What to do:
Using the data that follows, output only the lines from the line with "洗面所突入レポート!!vol.25 トイレ突入 ワレメ無修正動画無料 83pic 65" up to and including the line with "sci fi sand sculpture - Stock Image", exactly, leaving pictures aside.

Supplied material:

......

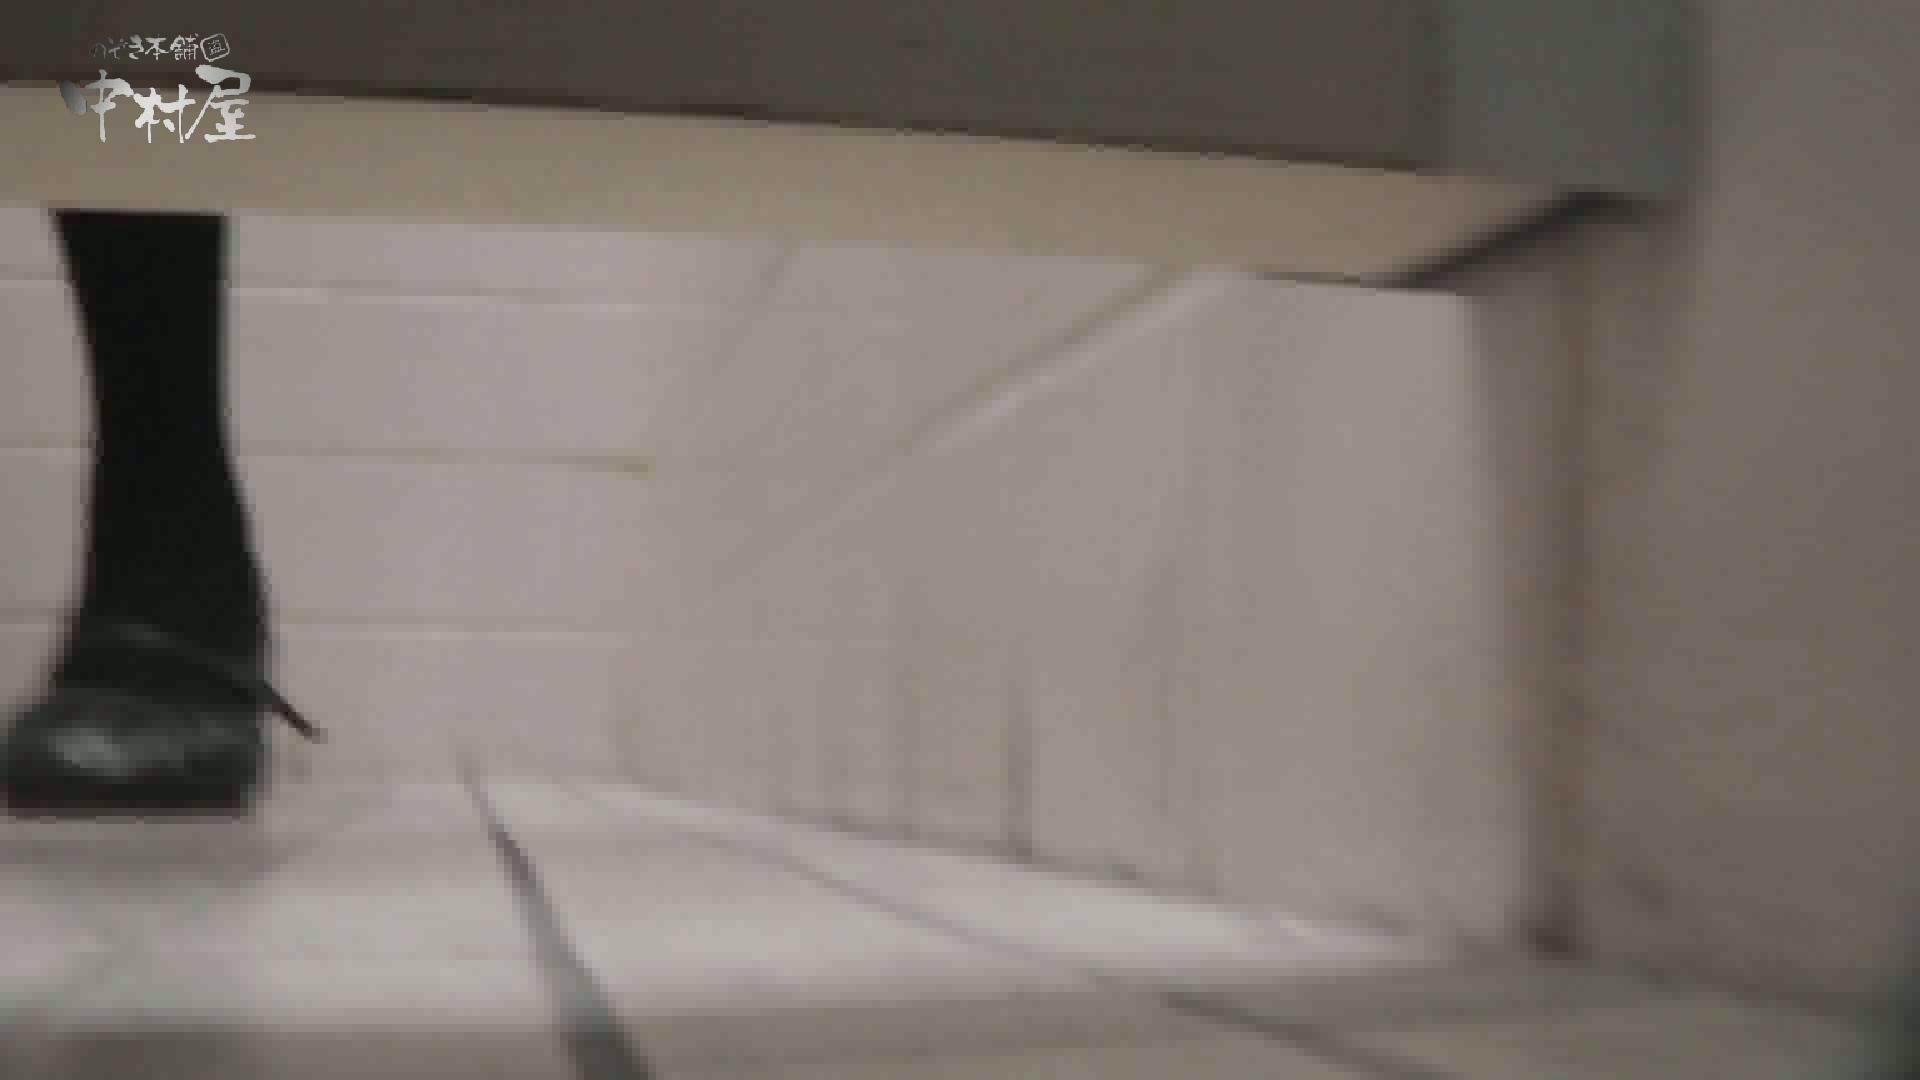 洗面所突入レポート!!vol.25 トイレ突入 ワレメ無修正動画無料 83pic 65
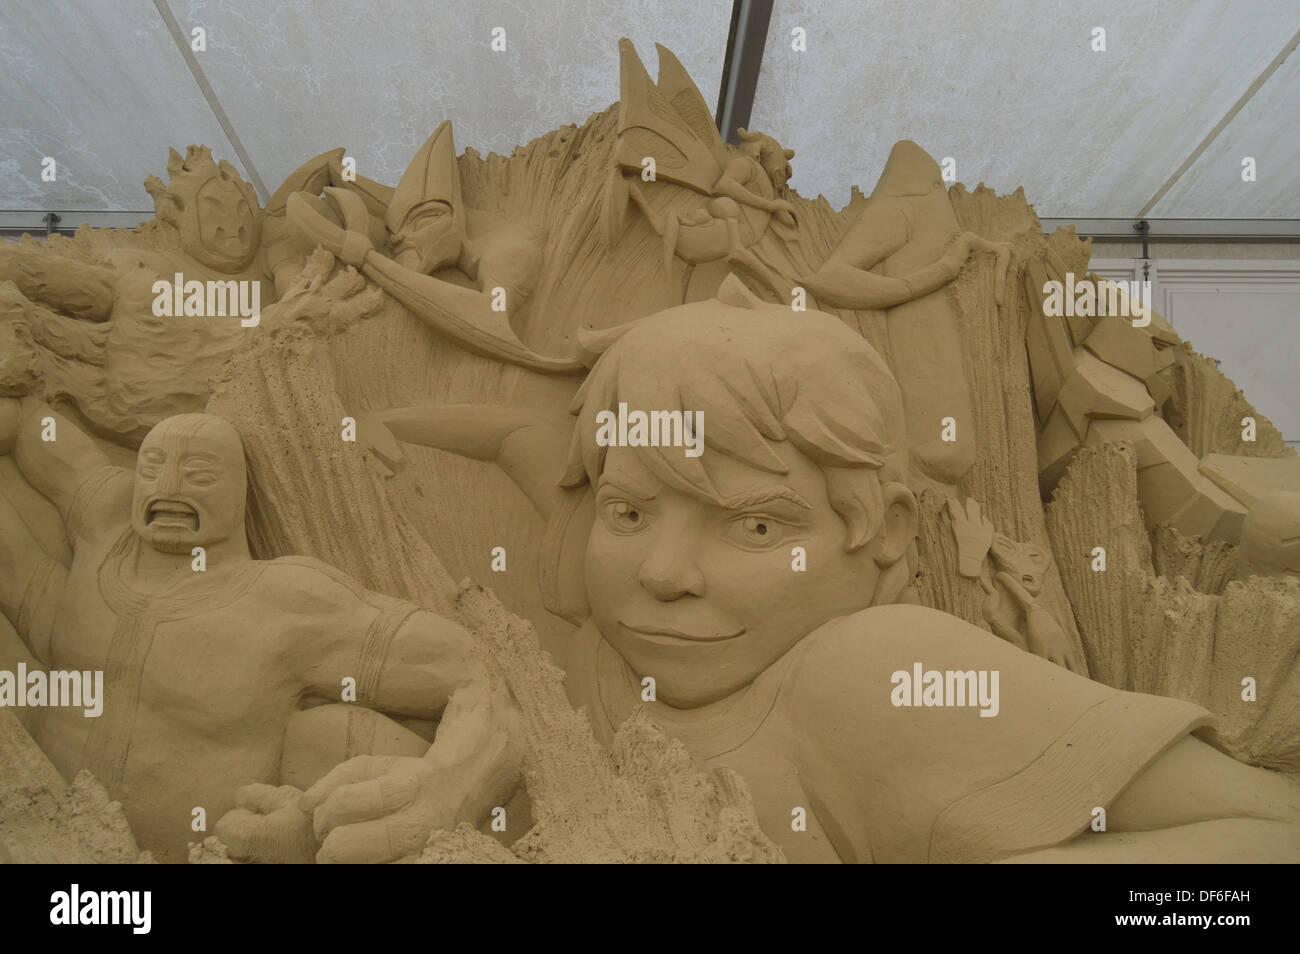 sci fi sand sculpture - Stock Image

......

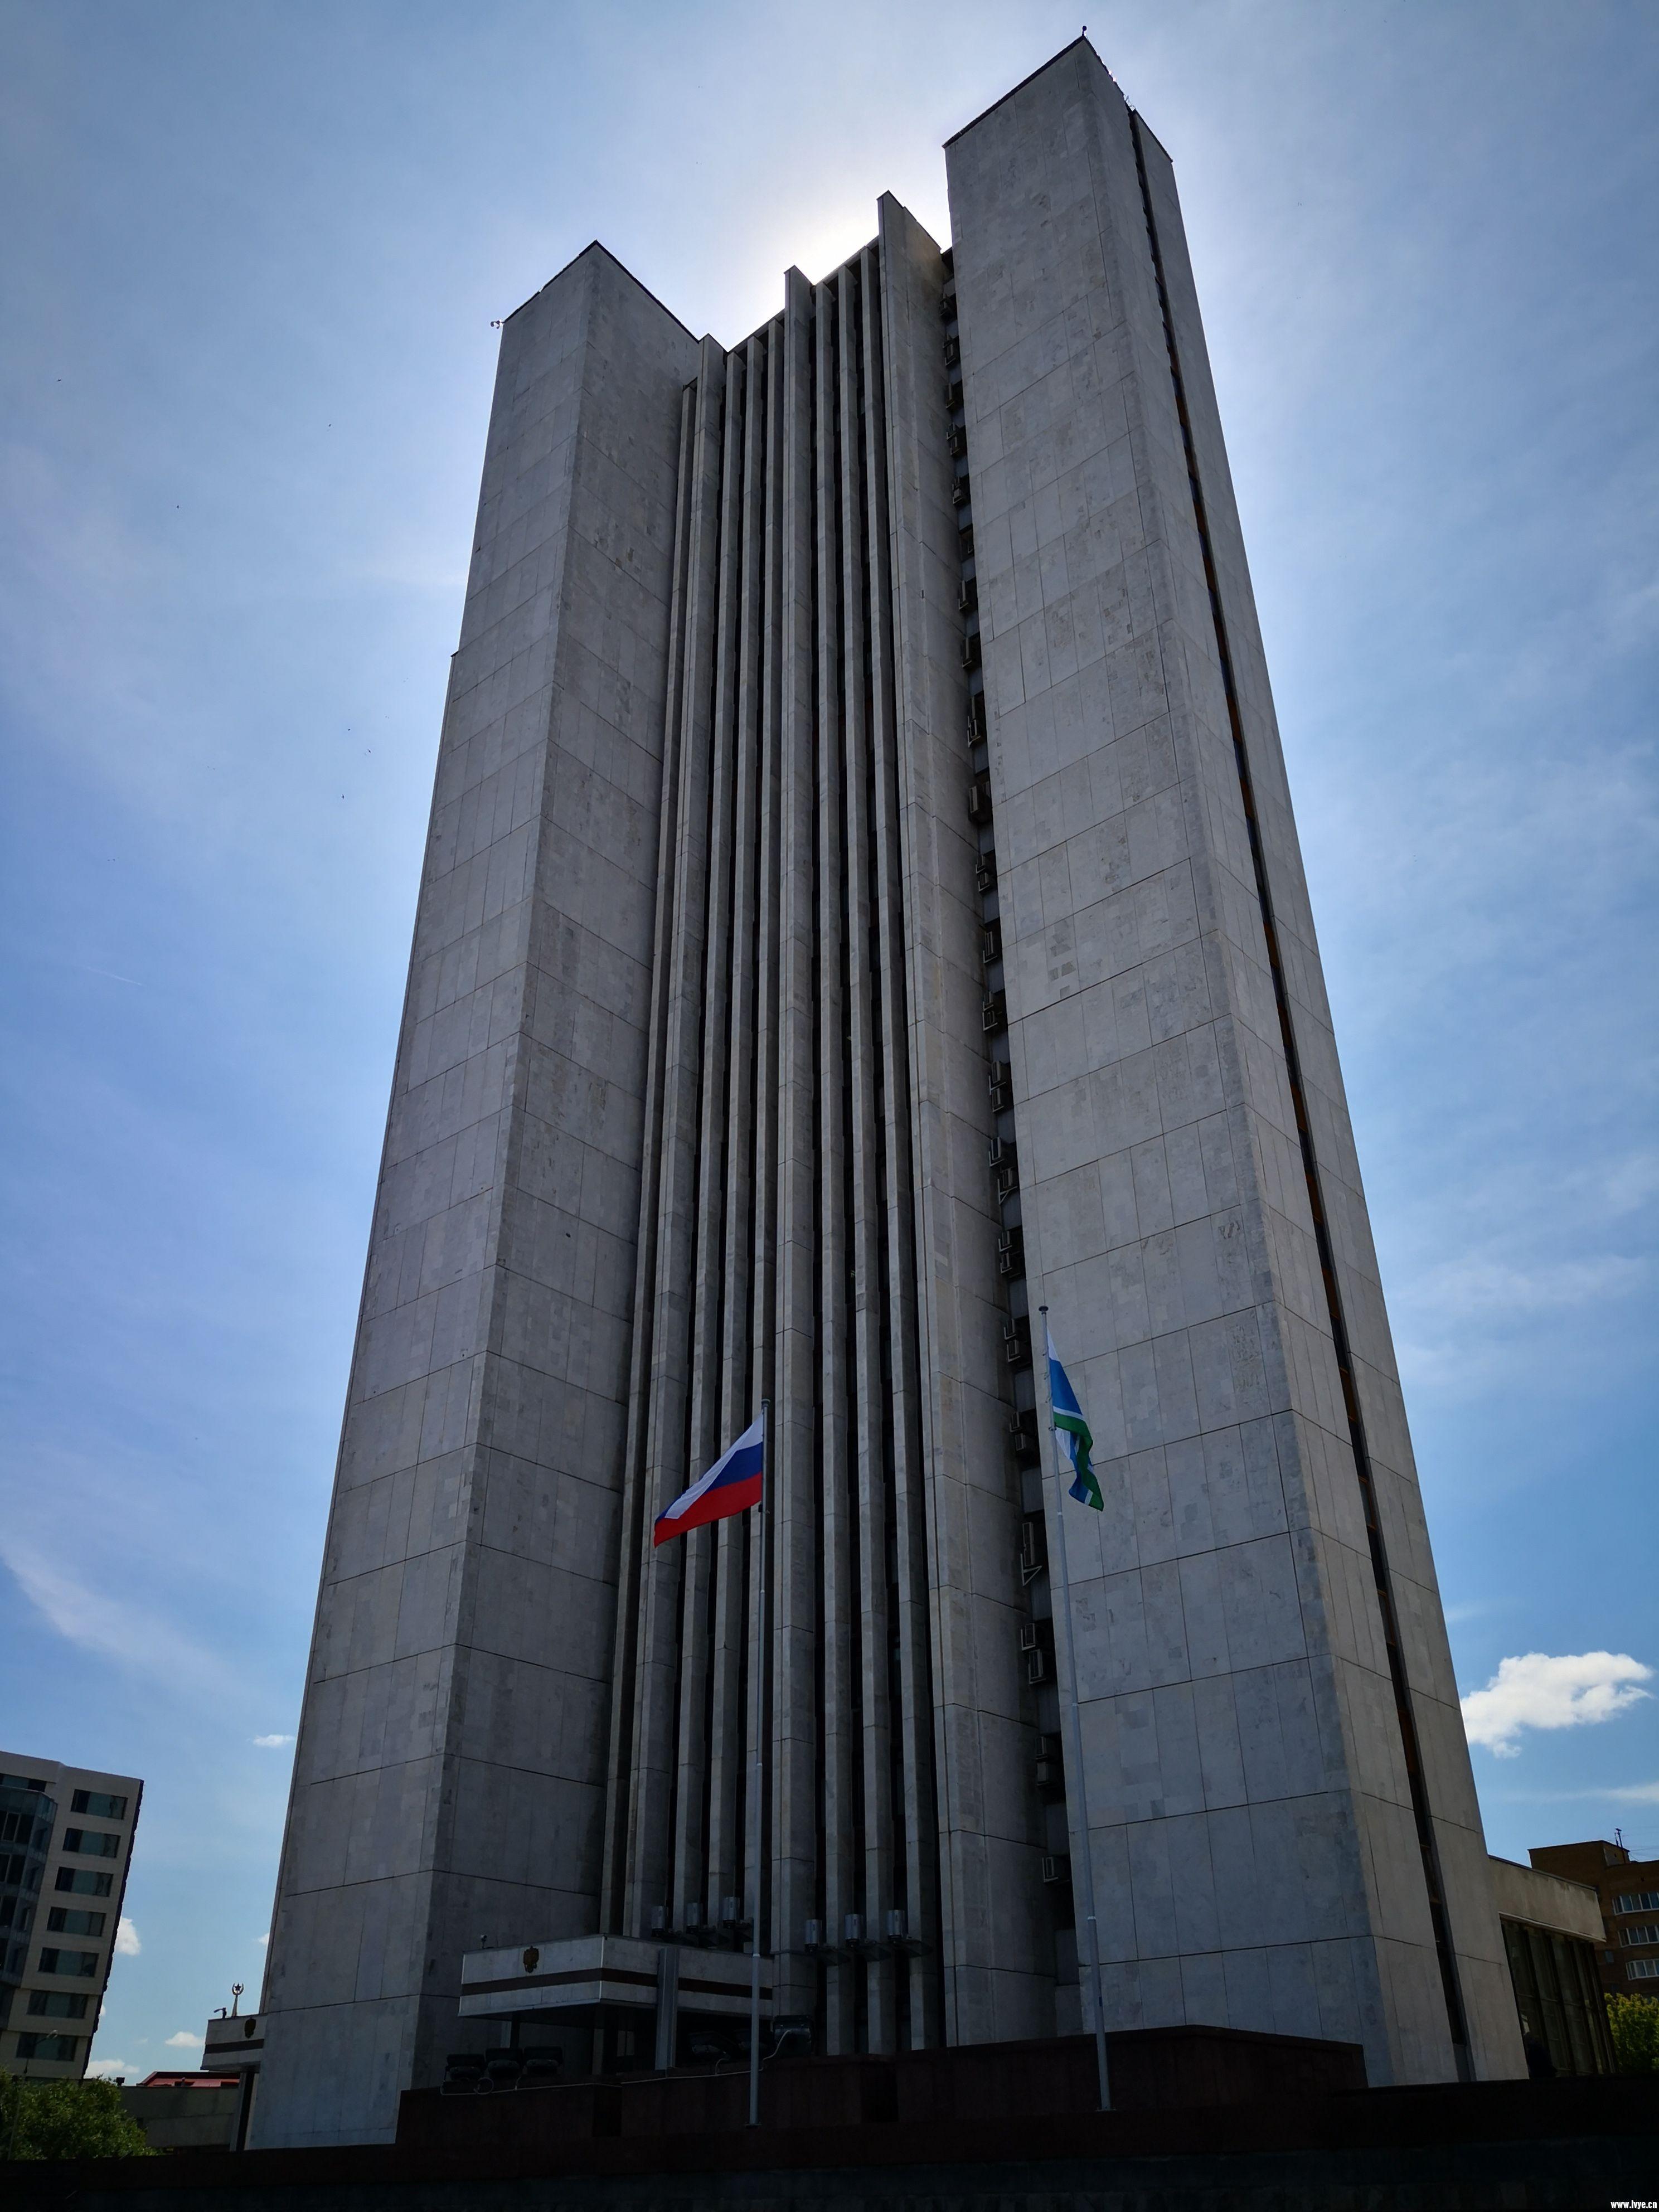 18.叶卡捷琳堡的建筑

......

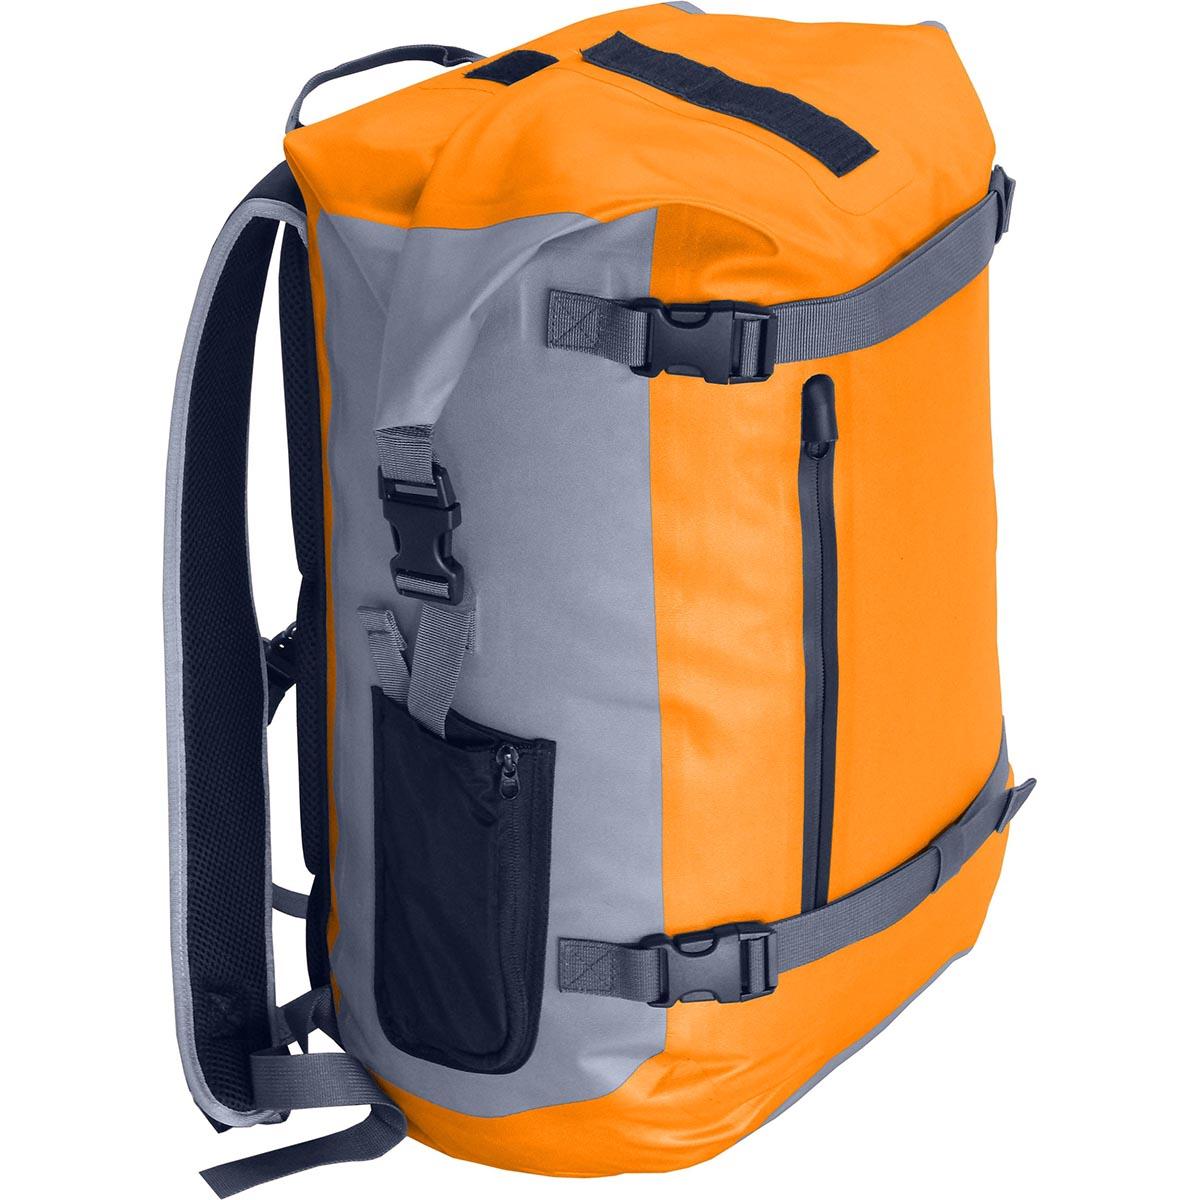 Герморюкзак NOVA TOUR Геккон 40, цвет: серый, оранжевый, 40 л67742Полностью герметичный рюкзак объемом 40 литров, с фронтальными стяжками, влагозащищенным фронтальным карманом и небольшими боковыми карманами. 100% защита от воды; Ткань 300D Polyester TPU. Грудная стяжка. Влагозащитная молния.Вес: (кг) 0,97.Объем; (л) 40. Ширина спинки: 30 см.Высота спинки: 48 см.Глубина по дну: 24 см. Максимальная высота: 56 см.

......

Response:
 洗面所突入レポート!!vol.25 トイレ突入 ワレメ無修正動画無料 83pic 65
 sci fi sand sculpture - Stock Image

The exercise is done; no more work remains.